Publications

Soft robots compliment traditional rigid robots by expanding their capabilities to interact with the physical world. A robot made with compliant, soft materials can benefit from their inherent continuum mechanics to achieve interactions with the environment that a rigid robot may find difficult. This can include grasping delicate objects, navigating through variable terrain, or working alongside humans in a safer manner. The flexible, adaptable nature of soft robots provide these benefits, but they also make predicting their actuated response a difficult, computationally-intensive task. Here we provide a non-linear, reduced order model informed by collected data on hydraulically amplified self-healing electrostatic actuators (HASELs).
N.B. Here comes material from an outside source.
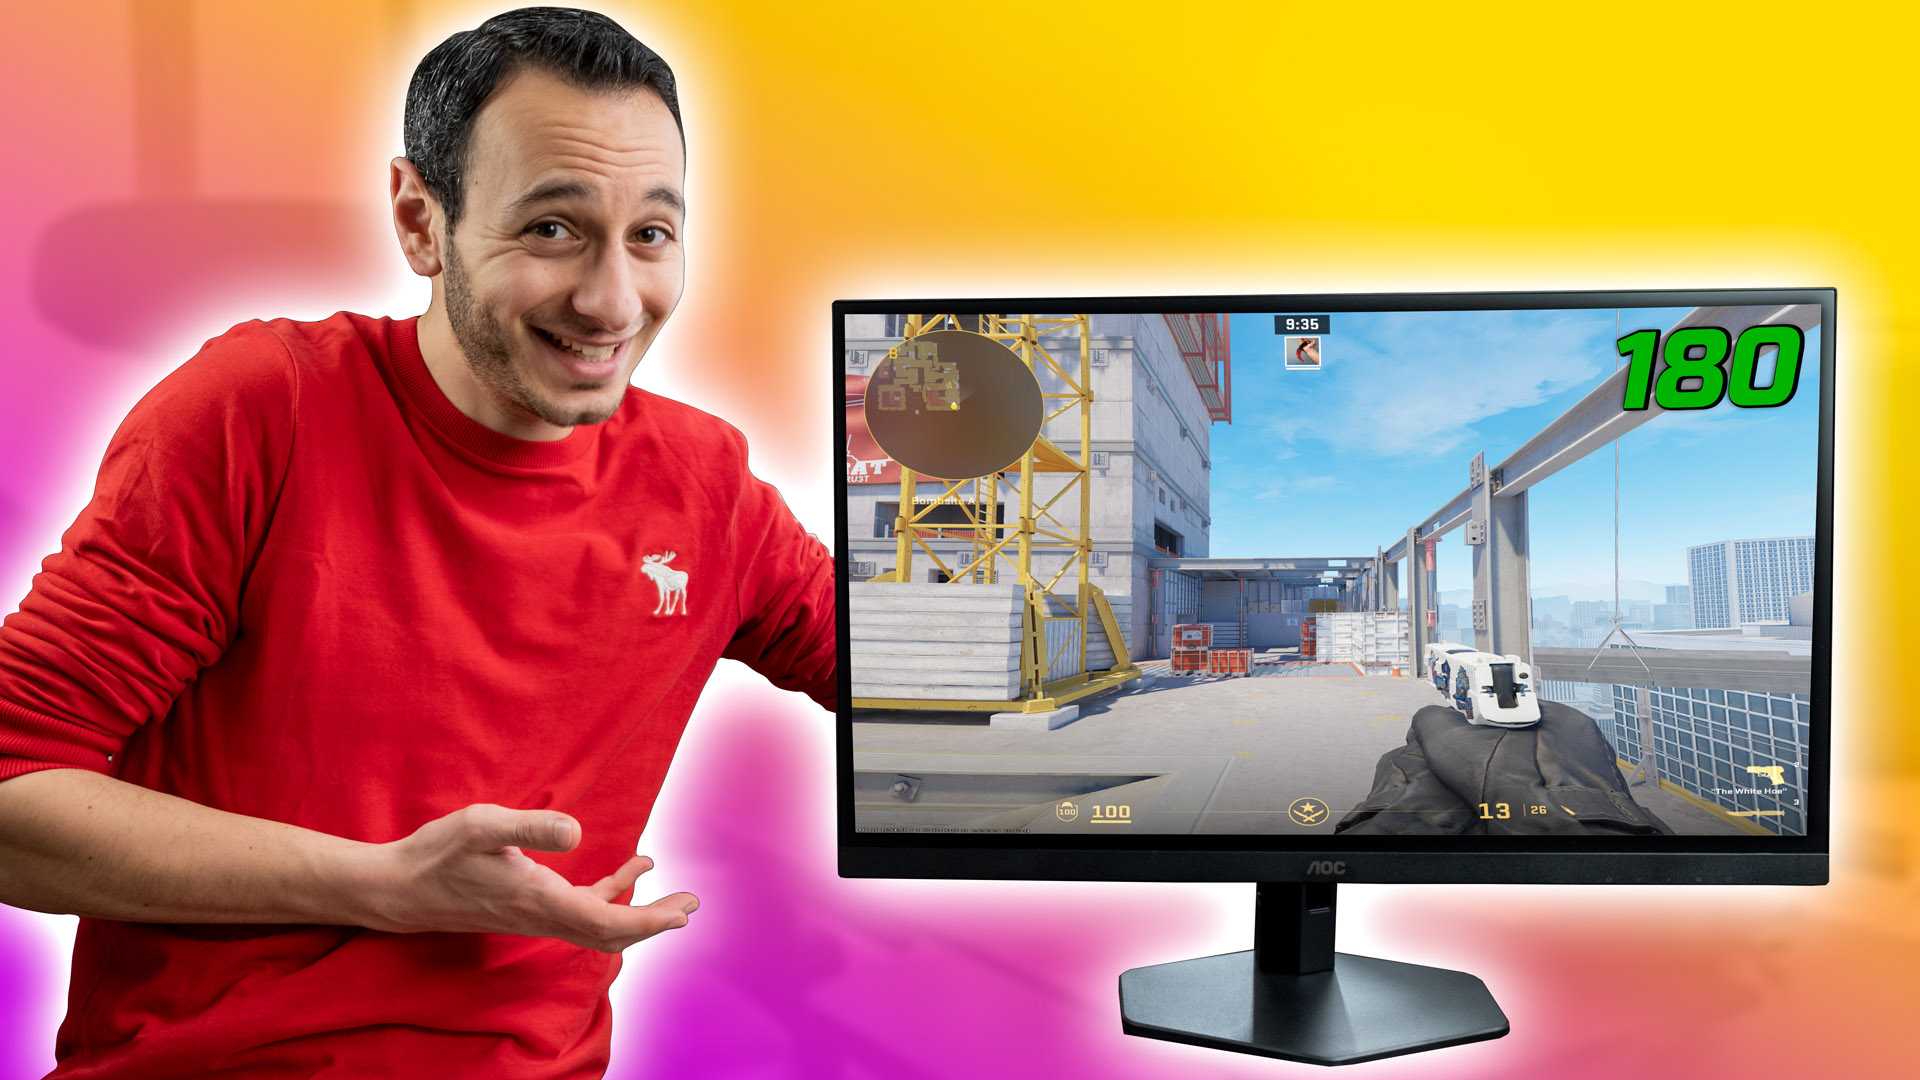 AOC Q27G3XMN 27 does anyone have info on when this monitor going to release  : r/Monitors

With this reduced order model, we simulate robots comprised of multiple actuators in an effort to rapidly evaluate potential design candidates without the need for time-consuming manufacturing. The simulation leverages a reduced-order model of HASELs based on a parallel mass spring damper (MSD) representation, made of two non-linear springs, and a damper; this data-driven parameter identification aids model fidelity. We construct a robotic manipulator actuated via six HASELs and show that the simulations driven by the non-linear MSD models accurately predict the robot's physical behavior on a macro scale. While this work focuses on a specific actuator type, the approach shown here could be extended to other linearly expanding soft actuators. Using this method, soft robotic assemblies actuated via HASELs can be rapidly evaluated in simulation before a laborious manufacturing process, which in turn will allow for faster design iterations to create more effective robots.